Tuesday, March 22, 2011

JRuby 1.6 Released

  • Ruby 1.9.2 API and language features: JRuby 1.6 is the first release where we recommend people start trying 1.9 mode. We’ve put in months of work making sure the new APIs function, we’ve updated the standard library to the current MRI 1.9.2 copy, and we’re actively looking for missing or buggy features to add or fix. If you’ve been waiting for 1.9 support in JRuby, now’s your time to give it a try…pass –1.9 at the command line or put it in the JRUBY_OPTS environment variable and you’re ready to go!
  • Improved Ruby performance: As with every release, there’s tons of incremental perf improvements in JRuby 1.6. We never get as much time to focus on performance as we’d like, but this time there’s been more attention paid to execution performance specifically. Small benchmarks are running 1.5 to 2x faster, and CPU-bound applications should perform better as a result. We’ve also laid groundwork to enable our own optimizing compiler modes and to make it easier for the JVM to optimize things for us. It’s even better now, with enormous potential for JRuby 1.7.

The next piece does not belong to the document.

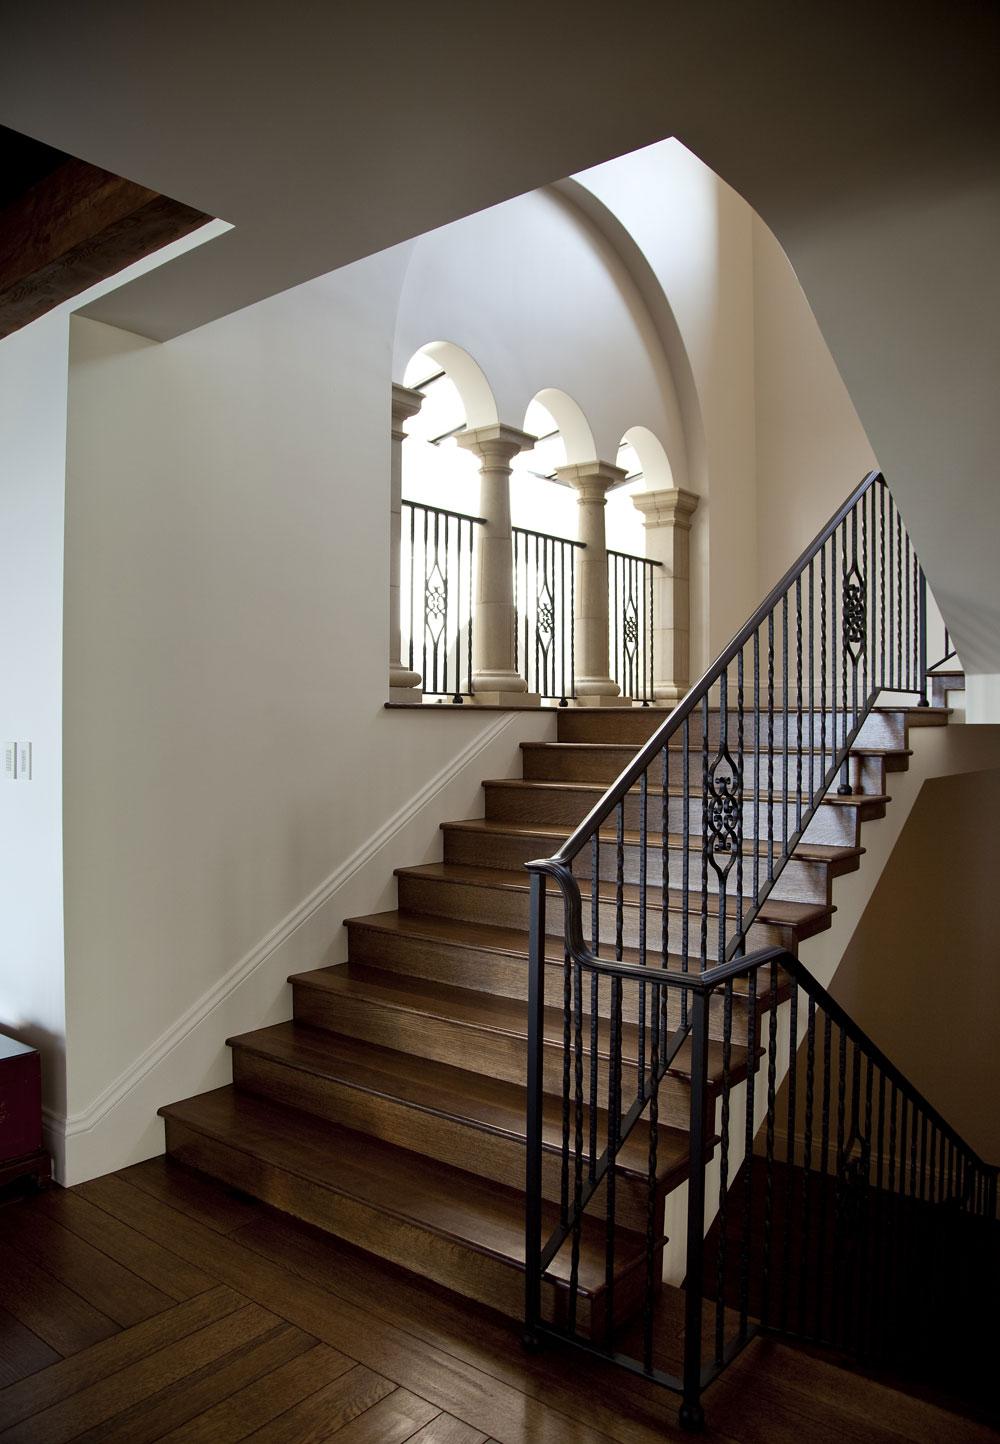 Modern-Spanish-Wood-Floor-Staircase-Wrought-Iron-Railing-Arched-Windows-Corbin-Reeves.jpg

  • RubyGems updates and enhancements: We’ve bumped RubyGems up to version 1.5.1, which greatly improves startup time. We’ve disabled (by popular demand) the generation of ri and rdoc during gem installation. We’ve added support for installing Java libraries directly from Maven as if they’re regular gems. And you get all this in both 1.8 and 1.9 modes.
  • Profiling and debugging: JRuby 1.6 improves the flat profiler from 1.5.6 (–profile or –profile.flat) and adds a graph-based profiler for more detail (–profile.graph). We’ve also resolved release issues for the ruby-debug gems, so you can gem install them from JRuby without hassle.
  • Platform and native: This release marks the first time we’ve called Windows an “officially supported” platform. All that really means is we’ve got a Windows CI server and we’re keeping it green for all the suites we run on Linux and OS X. We’re also previewing experimental support for installing C extensions written to MRI’s C API. Not every extension works, and there’s certainly some caveats…but it’s a hell of a thrill seeing sqlite3_ruby or rubysdl installing and working.
  • JVM and JVM languages: For 1.6, I wired up a lot more Ruby logic to the new “invokedynamic” JVM bytecode, which may enable us to run Ruby code many times faster than we do today. We also included enhancements to make it easier to call from Ruby into Scala libraries, which has enabled the Lift web framework to offer support for Ruby. The JVM is is becoming an amazing polyglot environment, and JRuby’s leading the charge.
  • All-around improvements: JRuby starts up faster, runs faster, uses less memory, and integrates with the JVM and JVM libraries better. It behaves consistently across platforms, runs anywhere the JVM runs (including on Android!), and lets you remain a Rubyist while you take advantage of an amazing VM and solid libraries. It’s the best of both the Ruby and the JVM worlds, together in one package.